The Shrine was built from 1924 to 1925 in the space of a natural amphitheater. It includes a bell tower, a sacristy, a shrine crossing, choir and clergy stalls, a pulpit, a font and a lectern. At the consecration in 1925, a Deed of Donation was presented by the Woodwards which conveyed the land on which the cabin and shrine were built to the Diocese of Virginia. Henry St. George Tucker (bishop) then appointed Woodward rector of the shrine for life or until he resigned.

In 1928, after Woodward took up permanent residence, he planned a retreat which could accommodate 120 guests. Bishop Tucker approved the plan provided that it was not included in the diocesan budget. Woodward would construct various buildings and a swimming pool. He also purchased houses and buildings built by others to create cottages, plus a refectory and kitchen.

In 1929, more land was acquired from the Orkney Springs Hotel.

After Dr Woodward's death in 1948, the Diocese appointed Wilmer E. Moomaw as director manager and Rev. Francis Tyndall as temporary chaplain and director. Later, Rev. Tucker became dean of the Cathedral Shrine of the Transfiguration and chaplain of Shrine Mont.

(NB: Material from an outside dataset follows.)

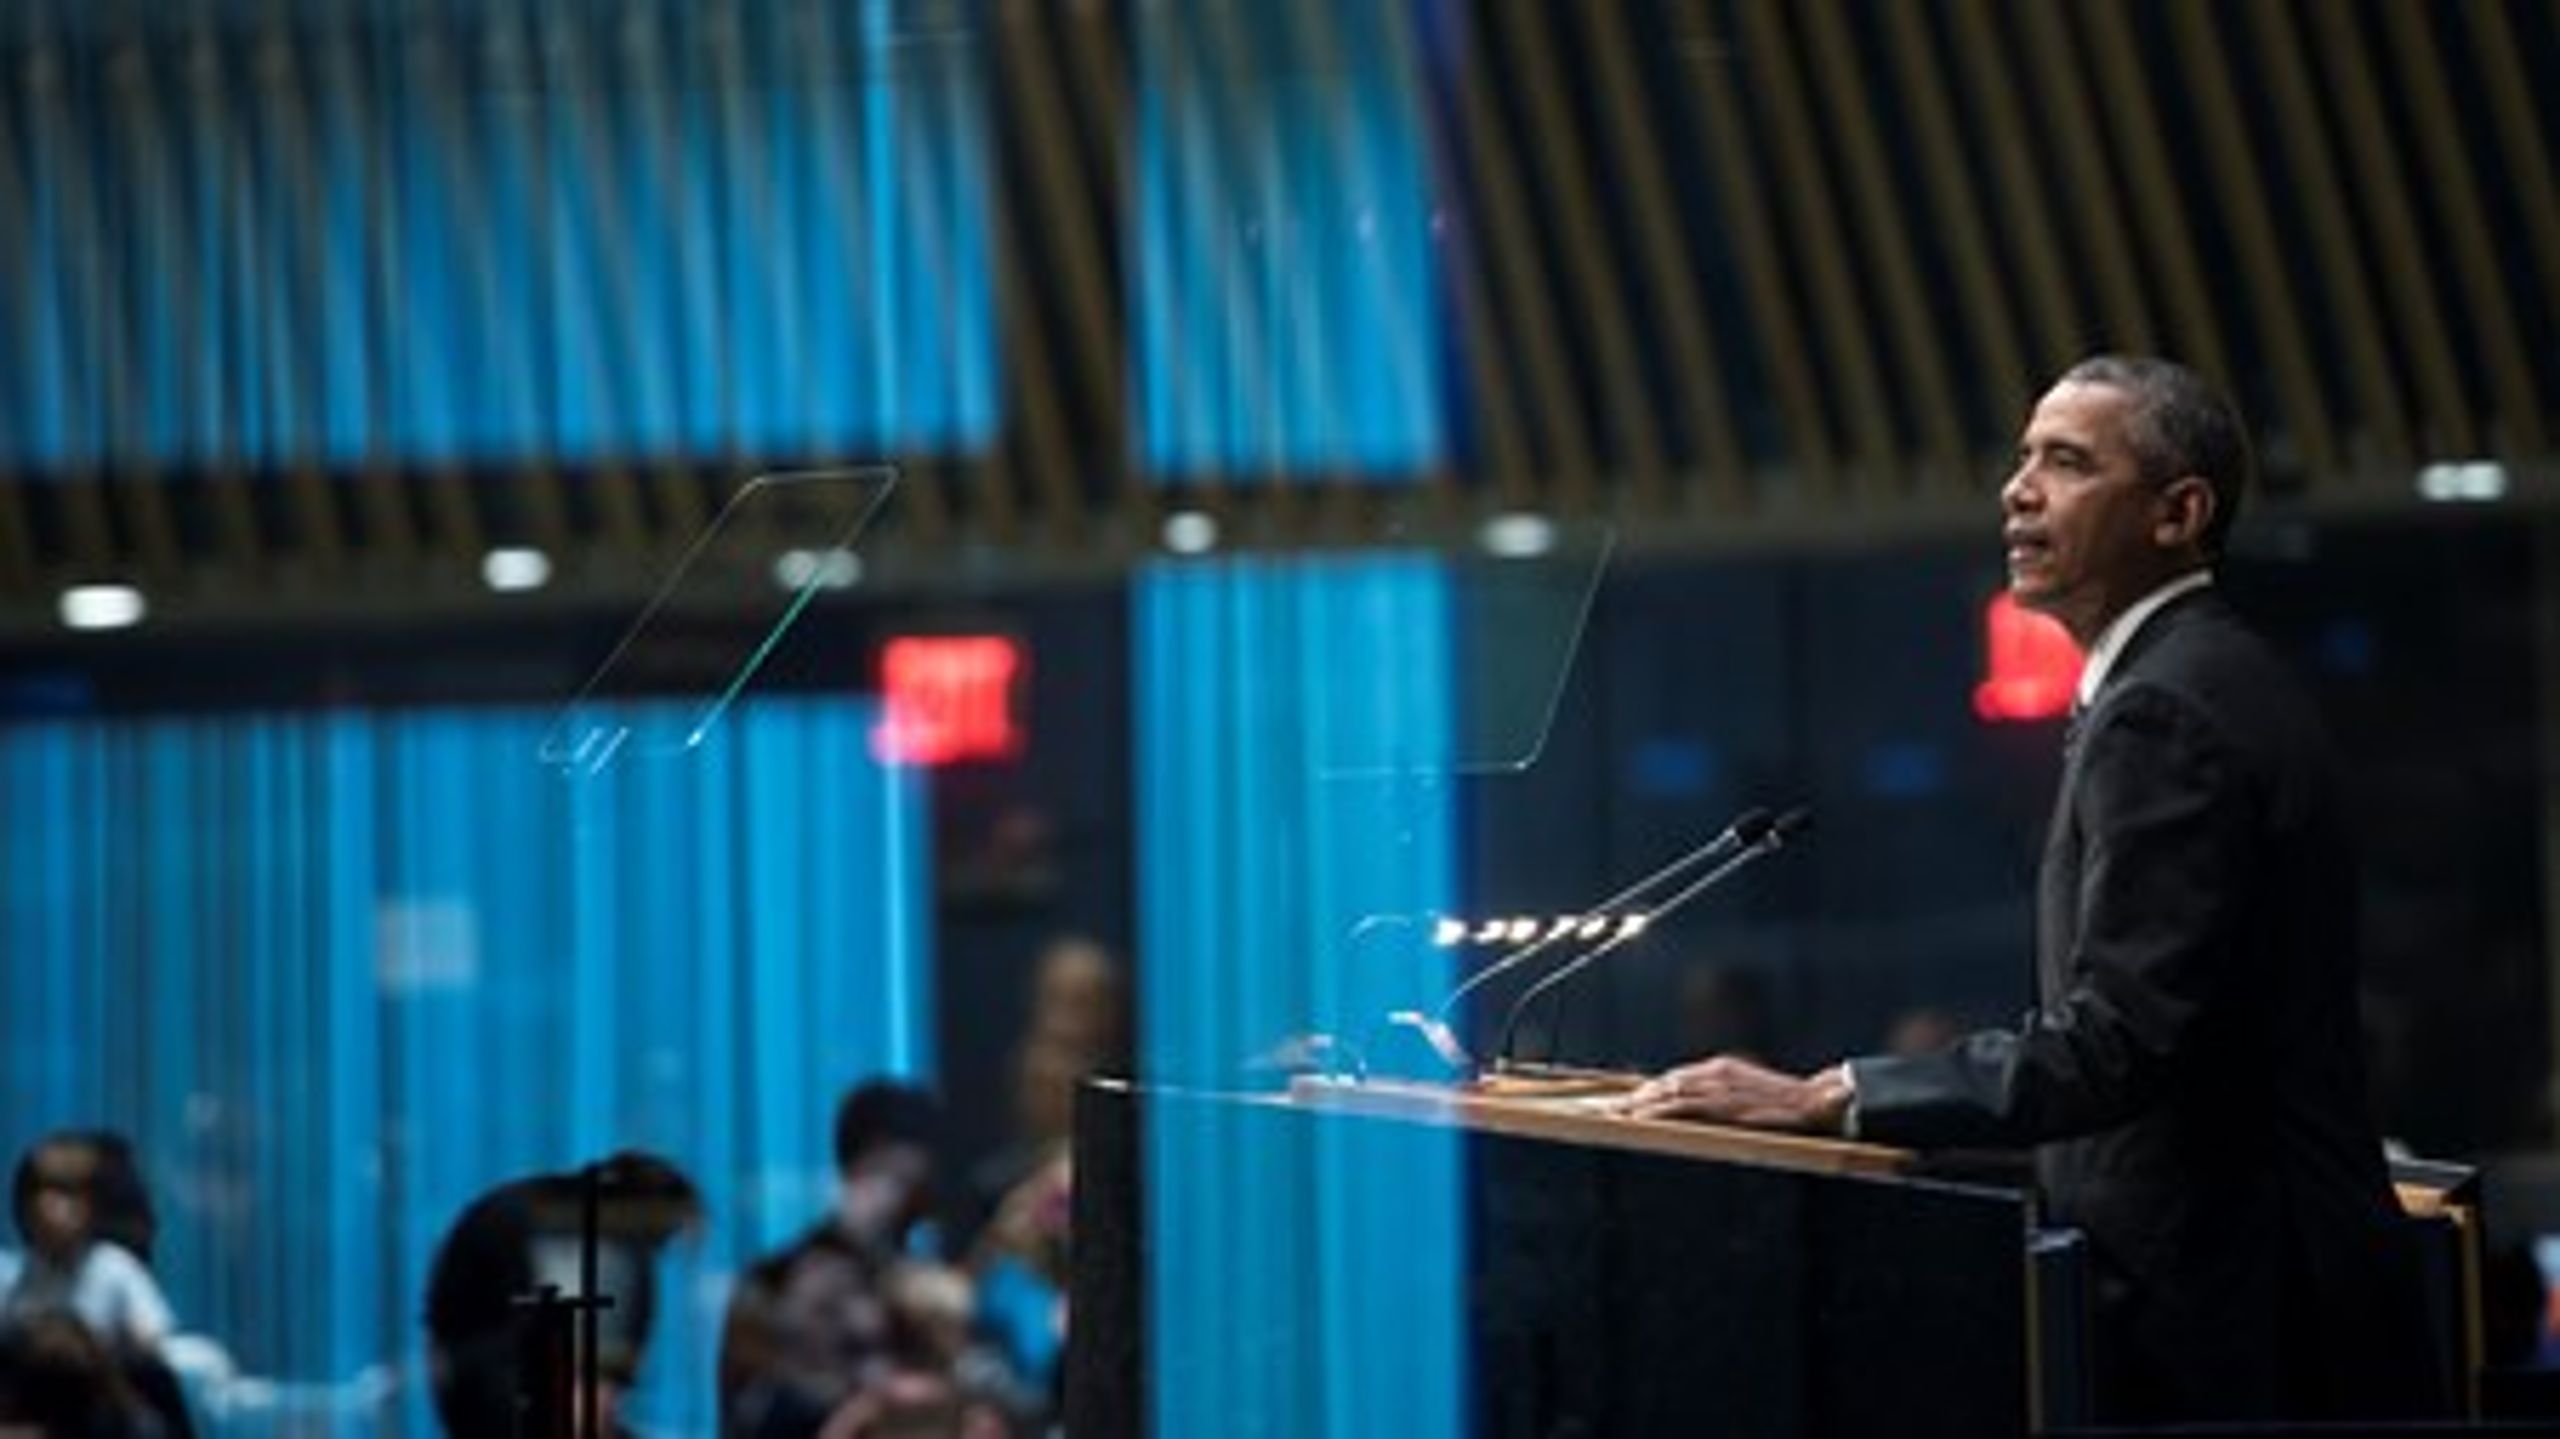 Søndag den 27. september 2016&nbsp;holdt præsident, Barack Obama, tale om FN's nye mål frem mod 2030. Mandag handler det om nutiden og krigen i Syrien, som han skal diskutere med præsident Vladimir&nbsp;Putin.&nbsp;
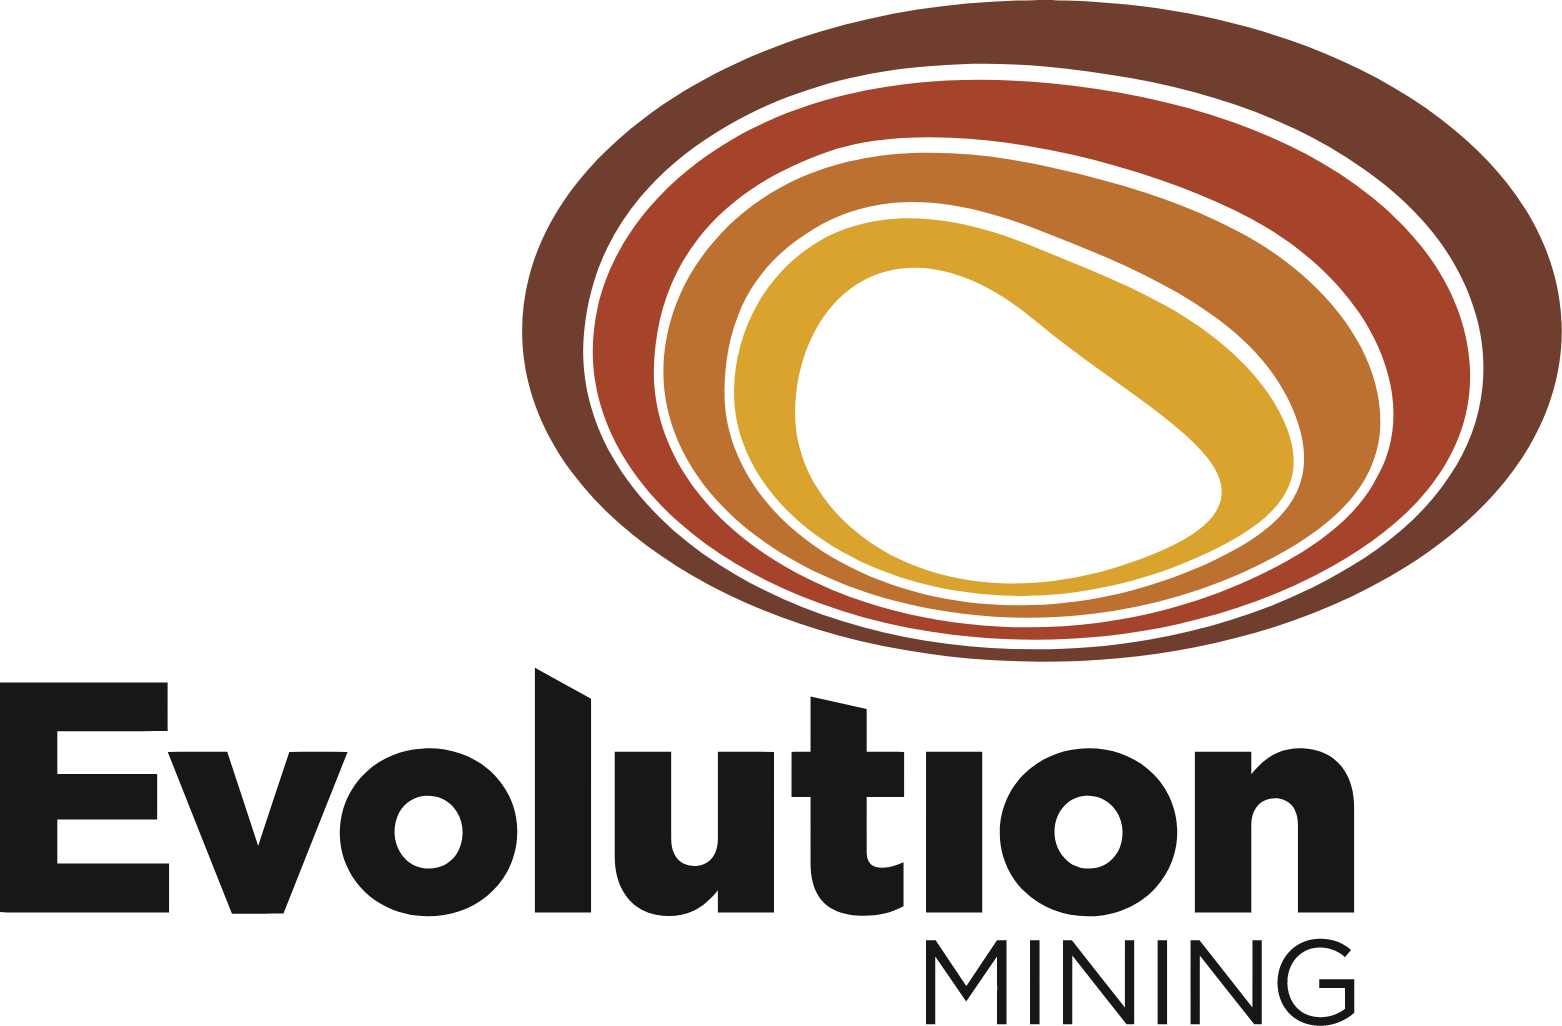 Mining Gold Logo | ? logo, Gold logo, Mining logo

In 1950, Moomaw was appointed Director of Shrine Mont with full responsibility for the operation and development of the property, and for the physical care and protection of the Shrine. Moomaw served as Director until 1988. During his tenure, he improved and renovated the entire property, adding new facilities and increasing the number of people attending, and thus broadening the scope of its operation.

==Notable people==
- Author Armistead Maupin spent time with his family at Shrine Mont as a teenager.